Qu Leyuan, Weber Cornelius, Wermter Stefan
Knowledge Technology, Department of Informatics, University of Hamburg, Hamburg, Germany; Department of Artificial Intelligence, Zhejiang Laboratory, Hangzhou, China.
Knowledge Technology, Department of Informatics, University of Hamburg, Hamburg, Germany.
Neural Netw. 2023 Apr;161:494-504. doi: 10.1016/j.neunet.2023.01.027. Epub 2023 Feb 10.
Due to the dynamic nature of human language, automatic speech recognition (ASR) systems need to continuously acquire new vocabulary. Out-Of-Vocabulary (OOV) words, such as trending words and new named entities, pose problems to modern ASR systems that require long training times to adapt their large numbers of parameters. Different from most previous research focusing on language model post-processing, we tackle this problem on an earlier processing level and eliminate the bias in acoustic modeling to recognize OOV words acoustically. We propose to generate OOV words using text-to-speech systems and to rescale losses to encourage neural networks to pay more attention to OOV words. Specifically, we enlarge the classification loss used for training neural networks' parameters of utterances containing OOV words (sentence-level), or rescale the gradient used for back-propagation for OOV words (word-level), when fine-tuning a previously trained model on synthetic audio.
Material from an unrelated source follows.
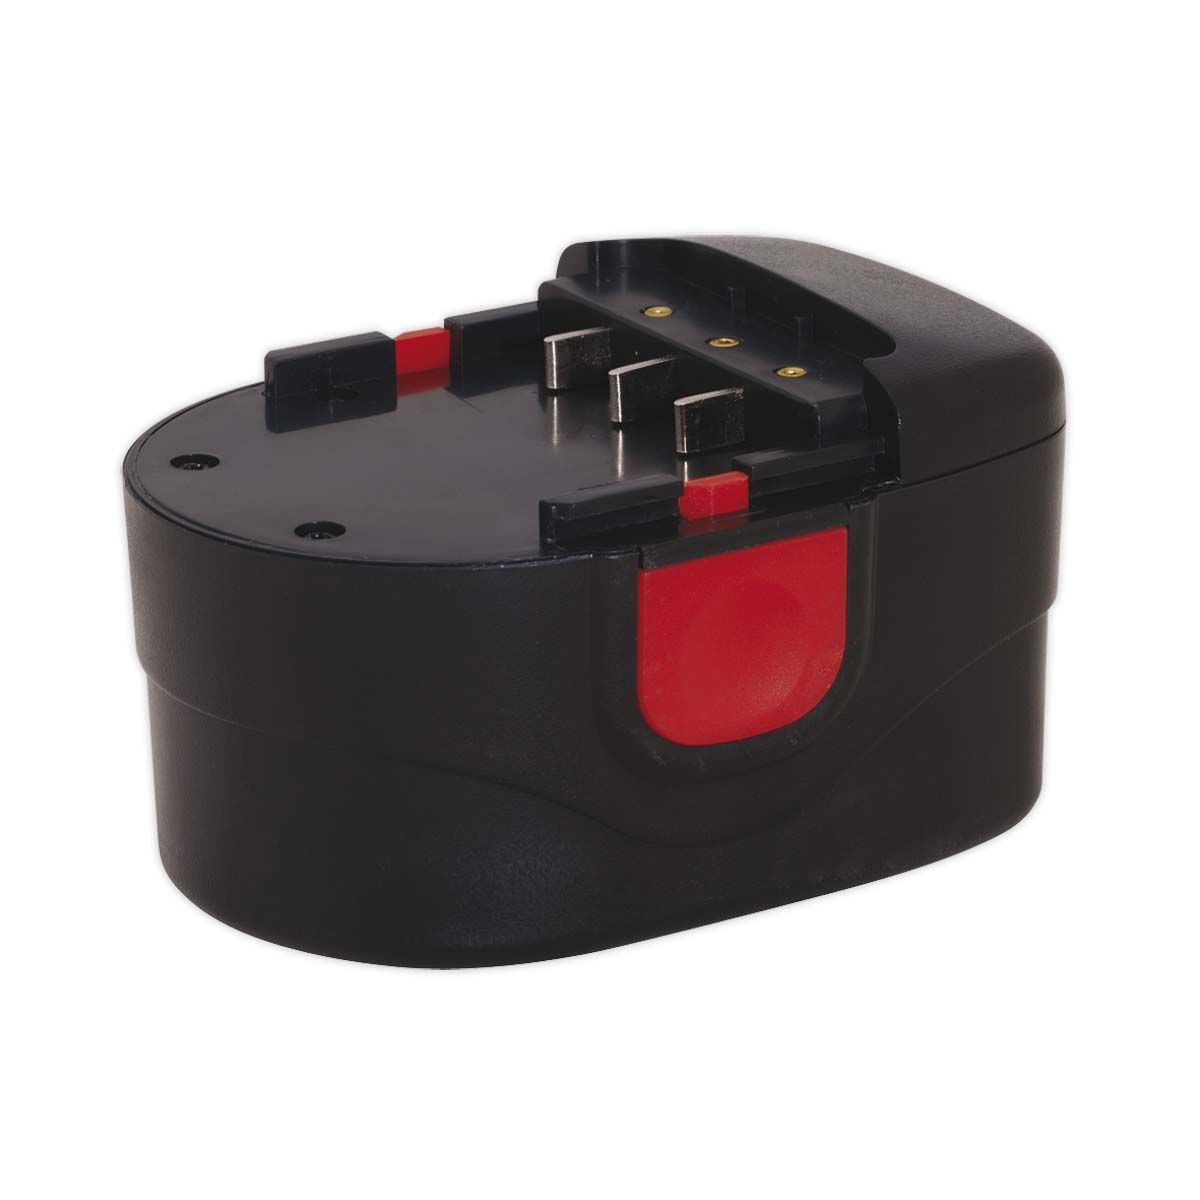 Sealey Power Tool Battery 12V 1.7Ah Ni-MH for CPG12V

To overcome catastrophic forgetting, we also explore the combination of loss rescaling and model regularization, i.e. L2 regularization and elastic weight consolidation (EWC). Compared with previous methods that just fine-tune synthetic audio with EWC, the experimental results on the LibriSpeech benchmark reveal that our proposed loss rescaling approach can achieve significant improvement on the recall rate with only a slight decrease on word error rate. Moreover, word-level rescaling is more stable than utterance-level rescaling and leads to higher recall rates and precision rates on OOV word recognition. Furthermore, our proposed combined loss rescaling and weight consolidation methods can support continual learning of an ASR system.
由于人类语言的动态特性,自动语音识别(ASR)系统需要不断获取新词汇。词汇表外(OOV)的单词,如热门词汇和新的命名实体,给现代ASR系统带来了问题,这些系统需要很长的训练时间来调整其大量参数。与以往大多数专注于语言模型后处理的研究不同,我们在更早的处理阶段解决这个问题,并消除声学建模中的偏差,以便从声学上识别OOV单词。我们建议使用文本转语音系统生成OOV单词,并重新调整损失,以鼓励神经网络更多地关注OOV单词。具体来说,当在合成音频上微调先前训练的模型时,我们扩大用于训练包含OOV单词的话语(句子级)的神经网络参数的分类损失,或者重新调整用于OOV单词反向传播的梯度(单词级)。为了克服灾难性遗忘,我们还探索了损失重新调整和模型正则化的组合,即L2正则化和弹性权重巩固(EWC)。与仅使用EWC微调合成音频的先前方法相比,在LibriSpeech基准测试上的实验结果表明,我们提出的损失重新调整方法可以在召回率上取得显著提高,而单词错误率仅略有下降。此外,单词级重新调整比句子级重新调整更稳定,并且在OOV单词识别上导致更高的召回率和精确率。此外,我们提出的损失重新调整和权重巩固相结合的方法可以支持ASR系统的持续学习。